Is that really what threatens the ranks? Or is the real fear that a soldier might read a book, learn something inconvenient, and begin questioning not their country—but how it tells its stories?
Just ask any Vietnam veteran what it was like to come home and realize the truth they'd fought for wasn’t the truth they’d been told.
✎ What Happens When You Purge the Library?
History is quick to remind us: when books vanish, the ground usually shifts soon after.
In Saudi Arabia, books about feminism are treated as Western poison. In Putin’s Russia, queer narratives are rewritten or outlawed.
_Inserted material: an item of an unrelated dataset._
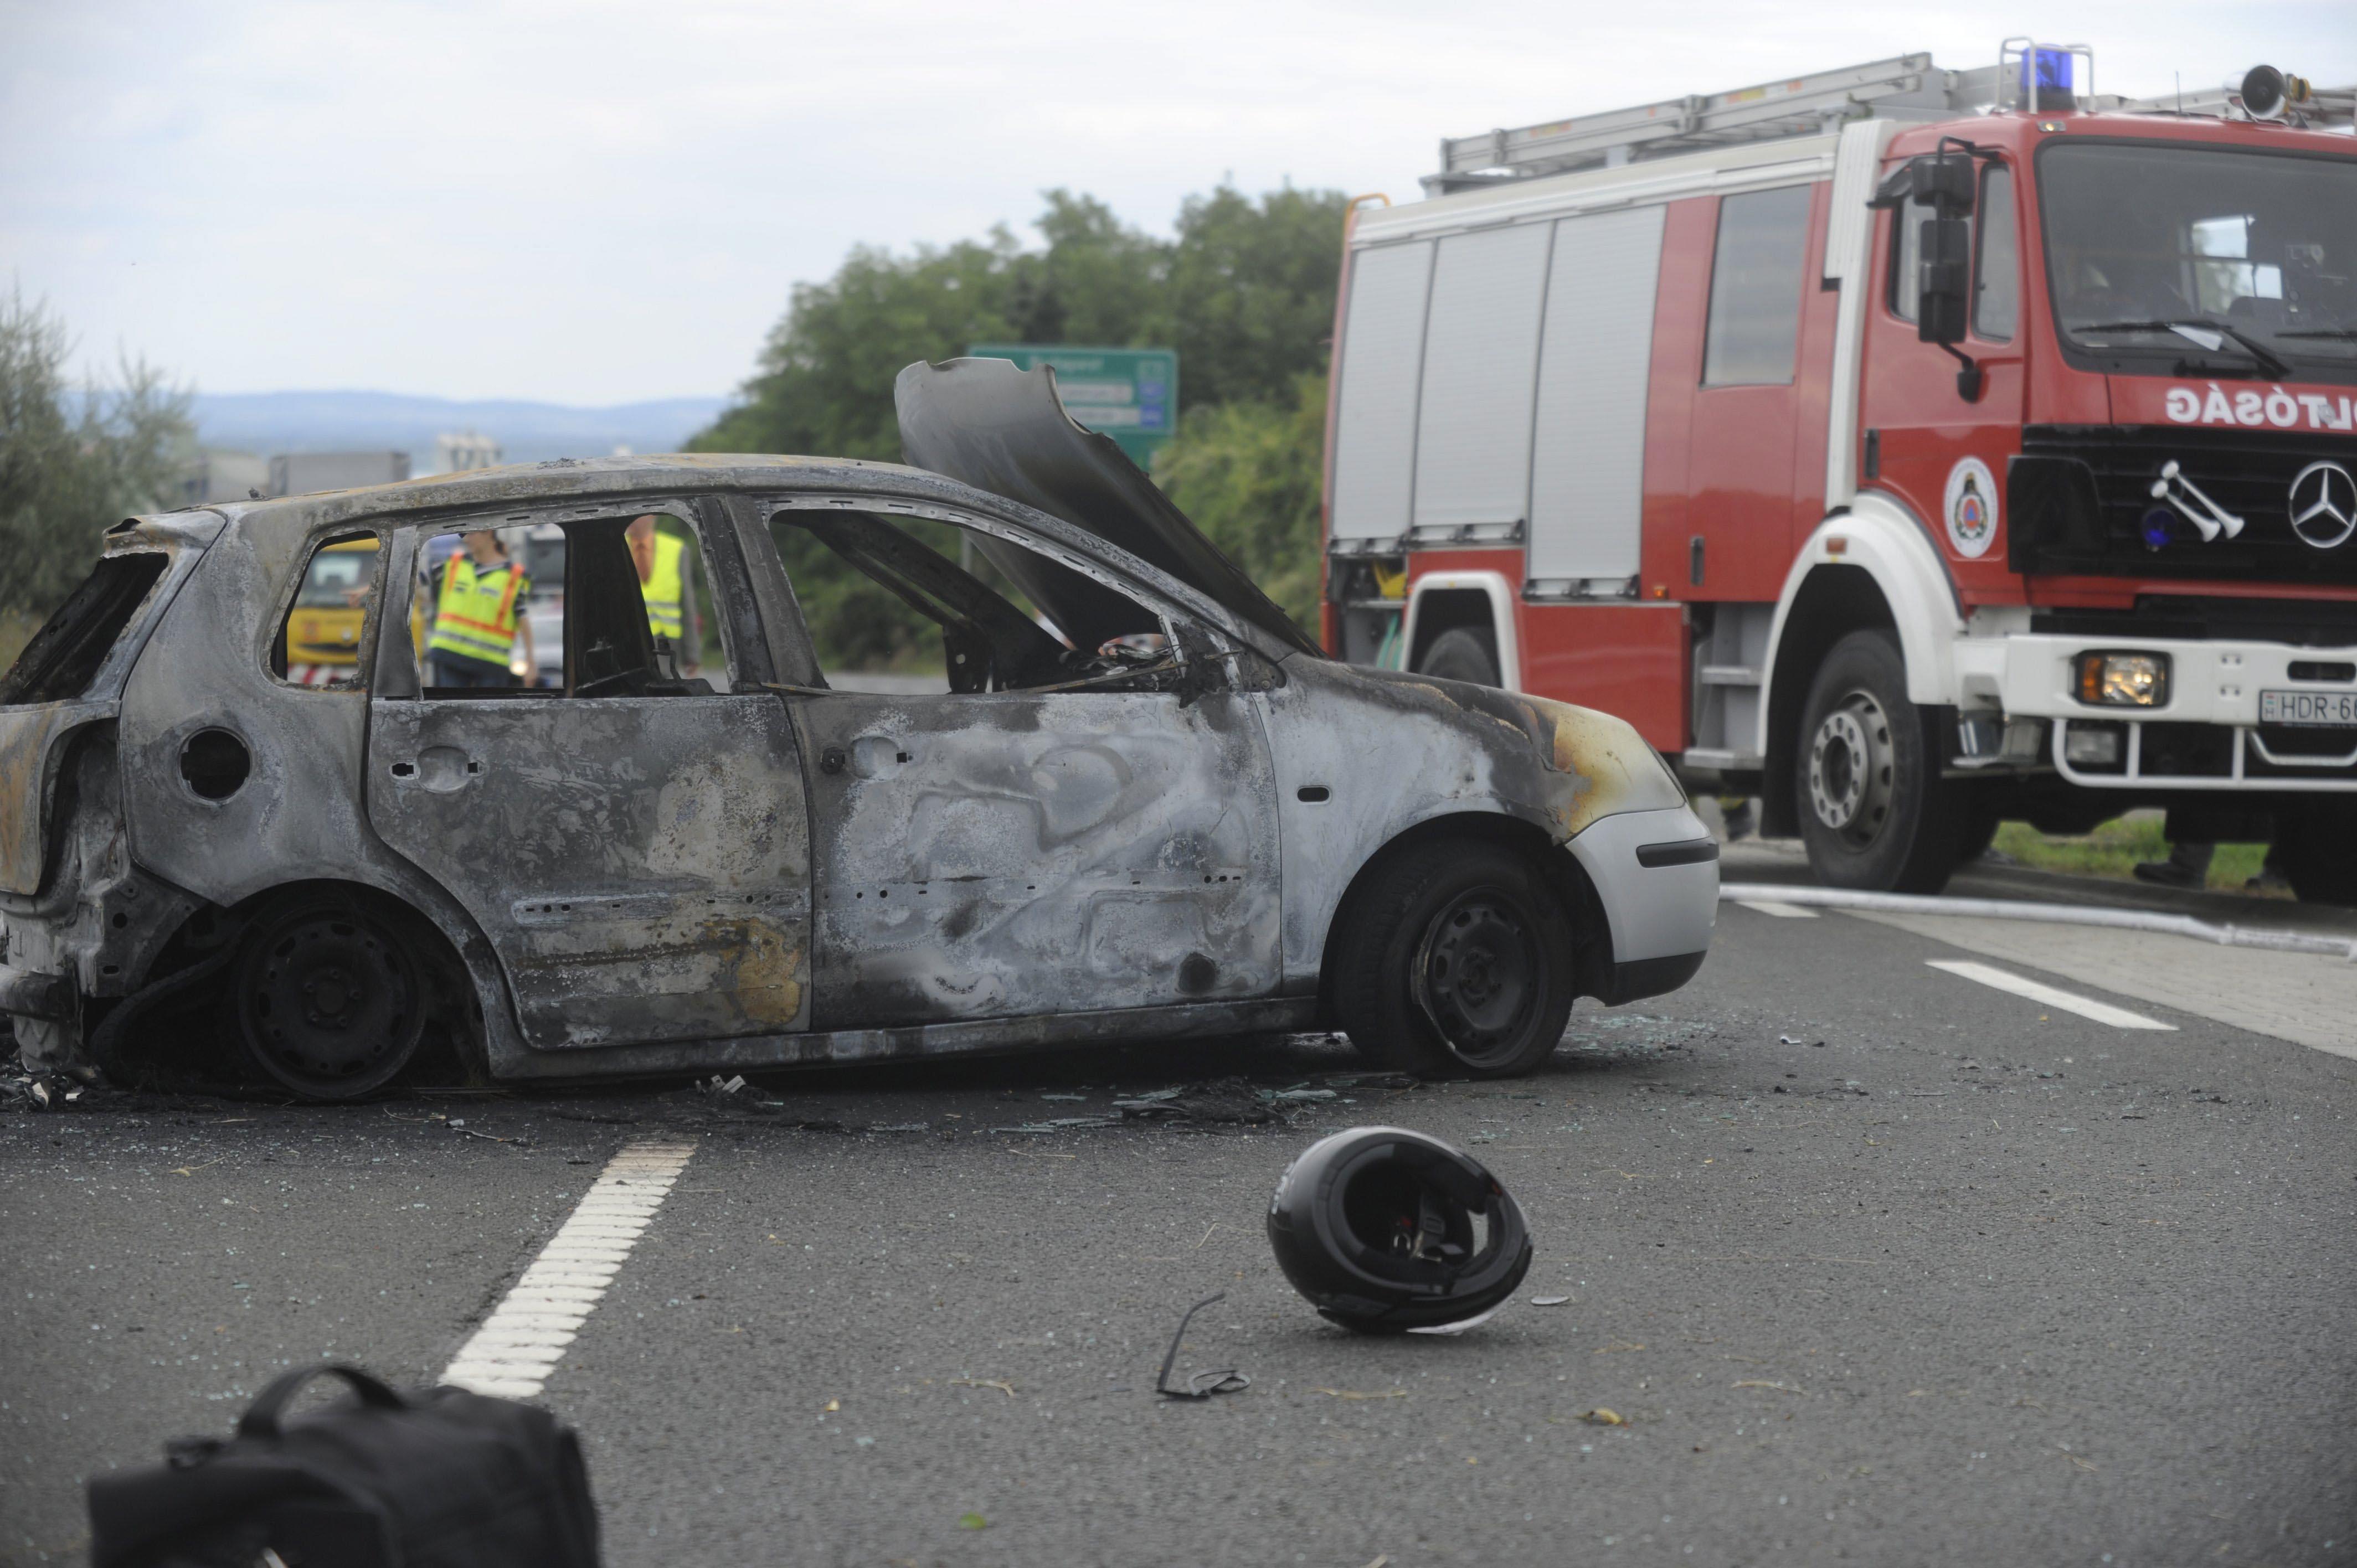 Vác, 2016. augusztus 13. Bukósisak egy kiégett személyautó mellett a 2-es főúton Vác térségében, ahol a személygépkocsi egy motorossal ütközött össze 2016. augusztus 13-án. A balesetben mindkét jármű kigyulladt, a motorkerékpár vezetője életét vesztette, utasa súlyosan megsérült. Az autóban ülők közül egy férfi súlyosan, két nő könnyebben megsérült. MTI Fotó: Mihádák Zoltán

And during the American Red Scare—another time nationalism demanded obedience—libraries were stripped of socialist texts, and careers destroyed by suspicion alone.
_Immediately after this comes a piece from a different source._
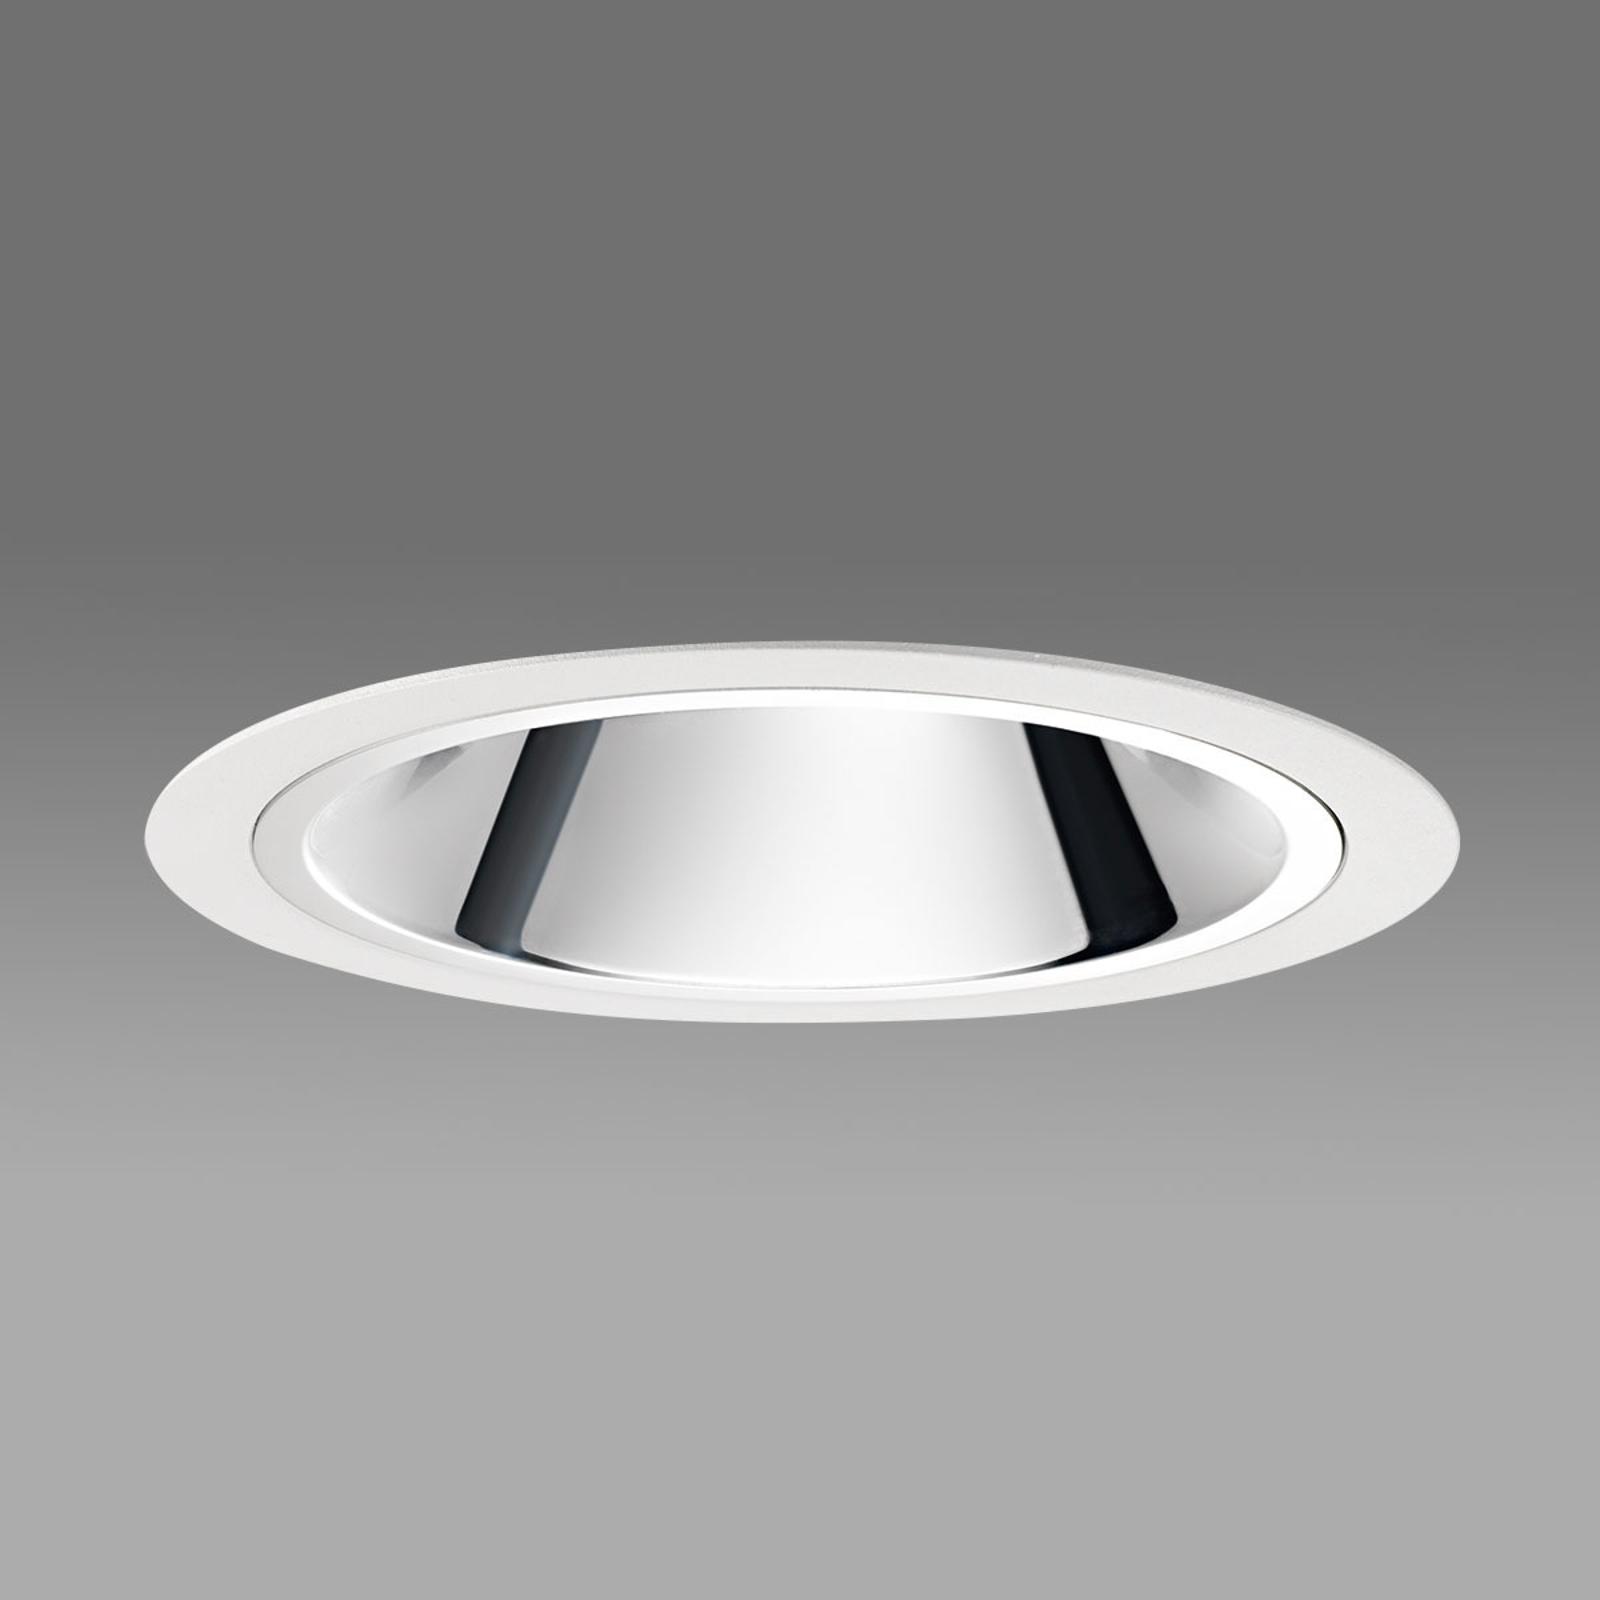 LED-Einbauleuchte Centro - Abstrahlwinkel 69°

To remove books under the pretense of maintaining unity is not neutral. It’s ideological. It’s script control. It’s an institutional decision to say: These voices matter less. Their stories belong in the shadows.
And what happens to a military trained not just in tactics, but in silence?
◆ Lessons from the Shelf (and What's Missing From It)
This is not just about literature. It’s about power. About who gets to take up space in our national mythology.
We often romanticize the military as a great equalizer—where race, class, gender fall away in the face of shared sacrifice. That ideal only holds if everyone’s lived experience actually gets a seat at the table—or in this case, a spot on the shelf.
Right now, that seat is being pulled out. Quietly. Bureaucratically. But decisively.
So, as West Point, the Air Force Academy, and countless command libraries lock into “compliance mode,” we have to ask: Who will guard the stories that don’t fit the current script?
Because history doesn't disappear when the books do. It waits—for the brave to find it again.
Yours in sticking bookmarks where others pull pages,
A Patron of Dangerous Stories & Preserved Truths.